Ritual delight: Taking a shower to cleanse your soul in Bali

A CNA Lifestyle contributor experiences the special Balinese water cleansing ceremony of melukat – as tourists whip out their handphones.

Ritual delight: Taking a shower to cleanse your soul in Bali

The soul-cleansing water ceremony of melukat in Bali. (Photo: Amankila Resort Bali)

BALI: Compact and dark brown with such kind eyes, the mangku murmurs something to me in Balinese.

“Lower your head!” our guide translates softly. “And close your eyes!”

Then, very gently, I feel a cool trickle of water streaming over my bent head. It’s such a refreshing balm against the hot Balinese sun. The mangku, a white-frocked temple priest, murmurs something again. I catch the scent of sweet jasmine.

Under my bare feet, the flagstones of Uluwatu temple burn; and around us, a small gaggle of fascinated tourists film us on their handphones. To our back is a low stone wall, the only thing that separates us from the foamed flecked surf of the sea below.

(Photo: Amankila Resort Bali)

The cold water is a shock and in the sudden stillness, all the senses converge on this brief moment. The tourist chatter and the distant shrill squawks of the fleet-footed monkeys for which the temple is famed recede. Even the heat from the flagstones retracts its stinging touch. I feel only the cool water tickling down my hair and onto my face.

For a brief moment, there is only the gentle wash of water and the odd sensation of the world falling away. It’s as if I’m being cleansed – which, I suppose, is the whole point of the melukat, a ceremony in which blessed water is poured over the supplicant.

And then the world comes rushing back.

“Now drink. Three times!” the guide instructs, as the mangku pours water from a coconut into my cupped hands. Dutifully, I swallow the tepid, salty-sweet juice, even as I watch him dip two fingers into the sides of the fruit and scoop up some rice grains which he’d sprinkled in earlier along with flower petals and leaves. He presses these on my forehead.

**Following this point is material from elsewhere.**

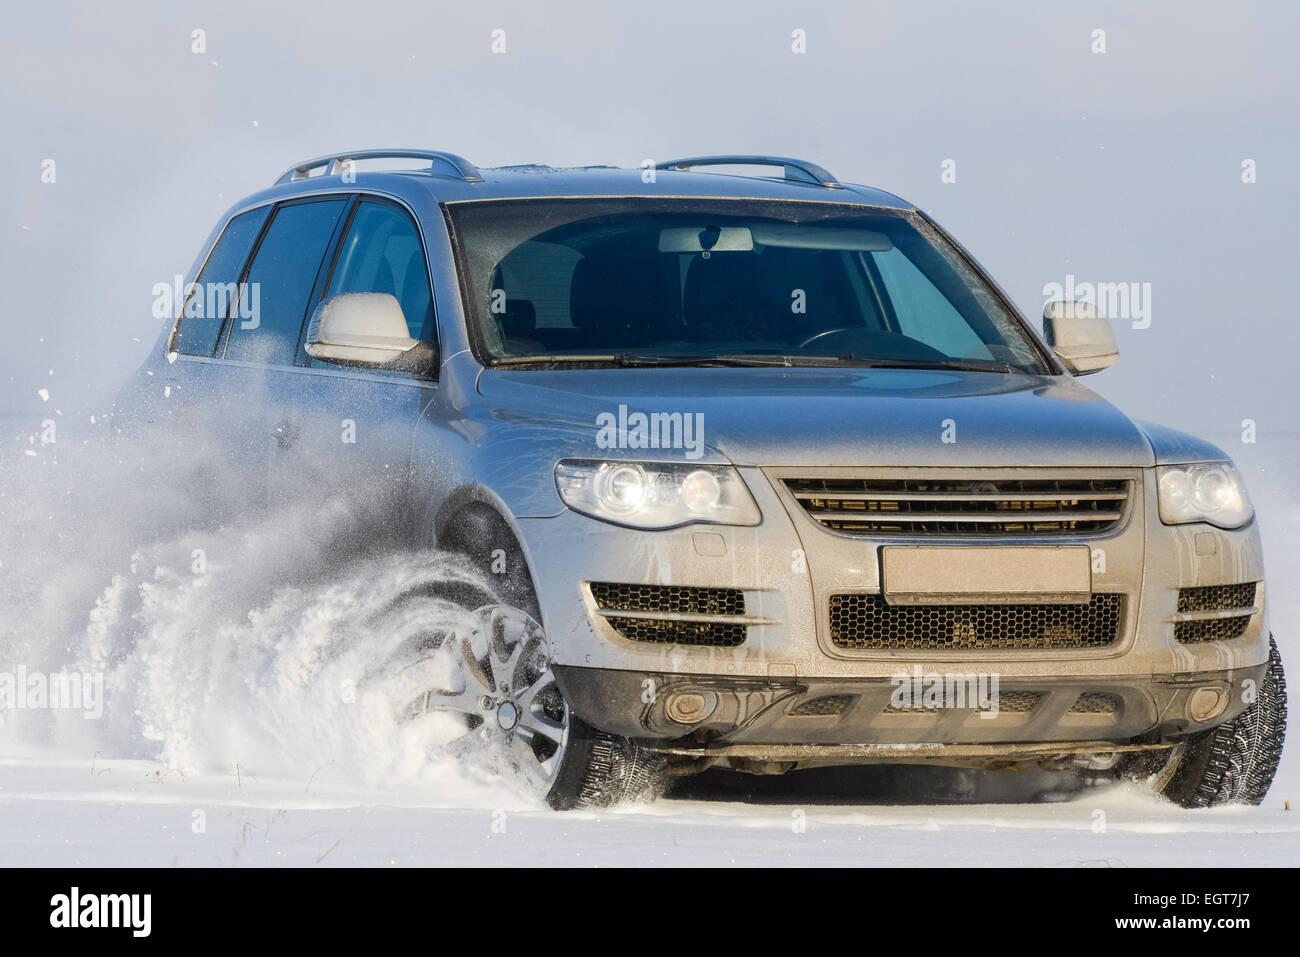 Car offroad spray snow - Stock Image

In Bali, holy water traces its liturgical and theological roots from a simple two-line passage in the Bhagavad-Gita: If one disciplined soul proffers to me with love a leaf, a flower, fruit, or water, I accept this offering of love from him.”

Essentially, holy water is ordinary water that has been blessed and thus transformed into a divine state. It is revered for its ability to consecrate, cleanse and purify, and it forms the basis of just about every act and occasion in Hindu-Balinese worship – whether a christening, a cremation, the entry into a new home or the start a new job, or even the first step of a long journey.

The multi-coloured flower petals used in the melukat ceremony. (Photo: Daven Wu)

Of course, not all holy water is created equally. Much depends on the source of the original water, who blesses the water, the location of the blessing and even the intended use of the water. Generally, the process involves a priest entering into a state of almost holy trance (the better to commune with, and channel the authority of, the gods) whilst chanting specific mantras over water drawn from a temple well or river. Infused with arcane rituals, the religious nuances of the blessing are completely incomprehensible to outsiders.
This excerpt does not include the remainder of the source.